Another tool that’s popular among Finnish healthcare professionals is an e-consultation service that brings primary-care doctors together with specialists in different fields. Patients can often consult with two doctors at the same time.
Digital care paths reduce the care burden
The digital care paths – the third element of the platform – provide support for several groups of patients.
Operative care paths are for people who need guidance for a limited period of time, often prior to visiting a hospital for an operation. The paths explain how to prepare for the operation and what to expect in terms of recovery time.
Care paths for chronic-disease patients are designed to support long-term treatment and symptom management. These paths are aimed at helping to reduce the need for hospital visits, which is beneficial for both the patient and the healthcare system.

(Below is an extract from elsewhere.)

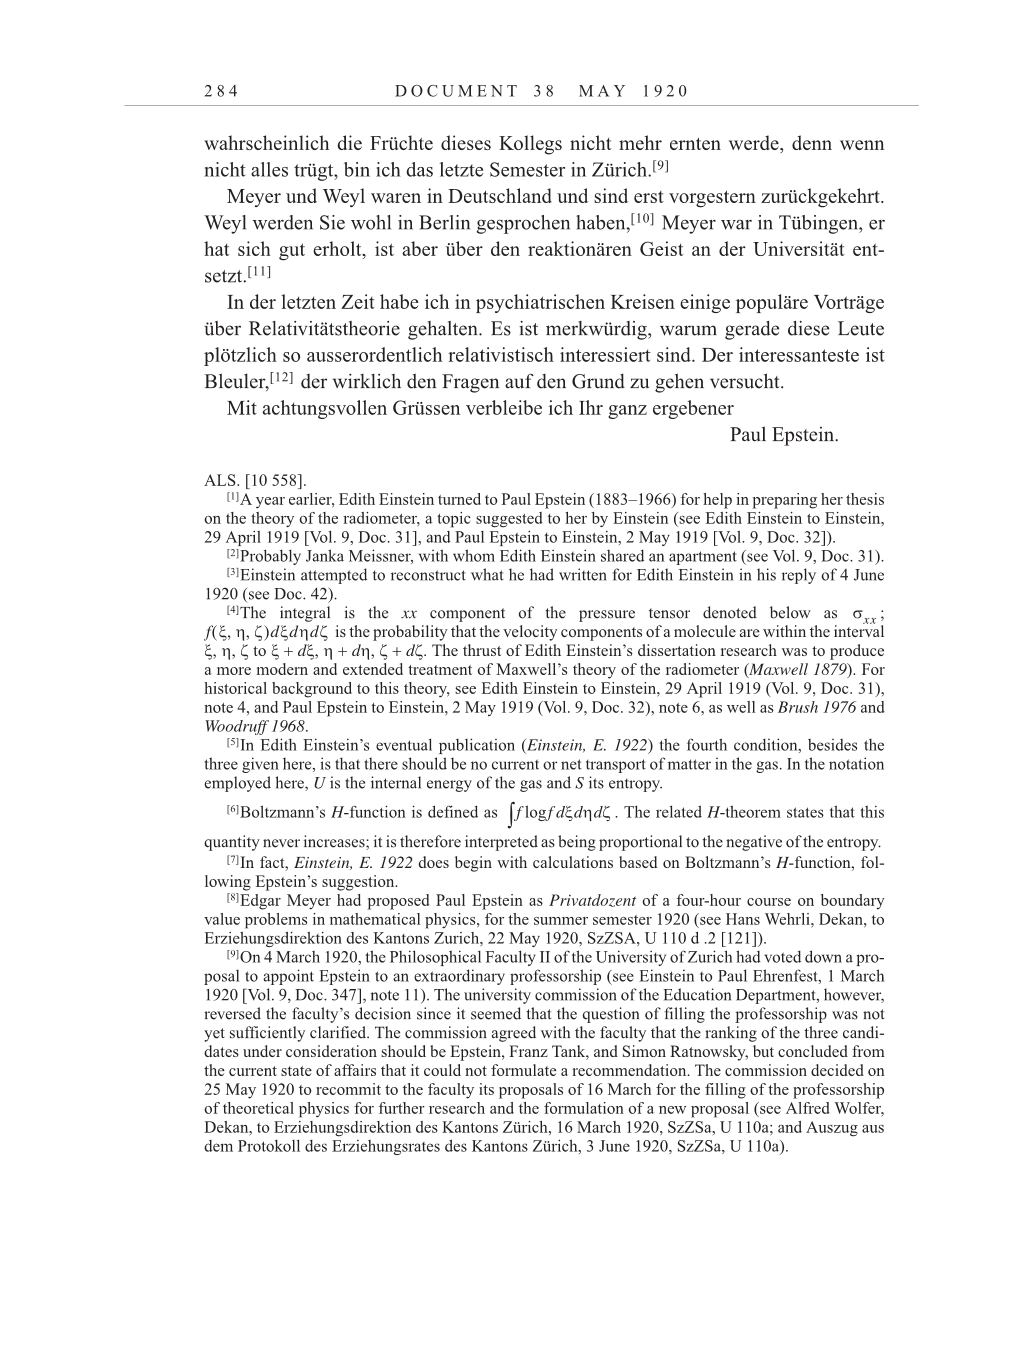 Volume 10: The Berlin Years: Correspondence May-December 1920 / Supplementary Correspondence 1909-1920 page 284

“When you have a chronic disease, self-treatment at home really improves your quality of life. This is especially important in sparsely populated countries such as Finland, where people may need to travel 200 kilometers or more to get to a big hospital,” says Rantonen.
HUS also offers digital care paths to support specific goals, such as losing weight and maintaining mental health. Diaries, interactive quizzes and other exercises encourage engagement and target setting.
Digital Health Village
Opening APIs and going international
For the next phase of development the HUS team is looking at ways to incorporate services for remotely monitoring blood pressure, blood glucose and other key measurements.
“Not all patients are motivated enough or have the technical skills to record this data, so remote monitoring is beneficial. The challenge is that medical devices are made by many different manufacturers, each with their own APIs,” says Rantonen.
“We’re now planning the technical architecture that will allow us to build a centralised way of gathering this device data. We would also like to open up our own APIs to third parties.”
What we’ve done can save other healthcare systems many years of work. The technology is replicable anywhere and many of the treatment pathways are the same.
HUS is working through a network of international partners to explore opportunities for commercial collaboration outside of Finland.
“We are happy to do a pilot of the solution in any country. The technology is 100% replicable anywhere, many of the treatment pathways are the same, and the content can be localised. What we’ve done can save other healthcare systems many years of work,” says Rantonen.
“Digital healthcare solutions are usually aimed at a particular patient group or treatment challenge. But the Digital Health Village is all encompassing. We have not seen anything else on this scale.”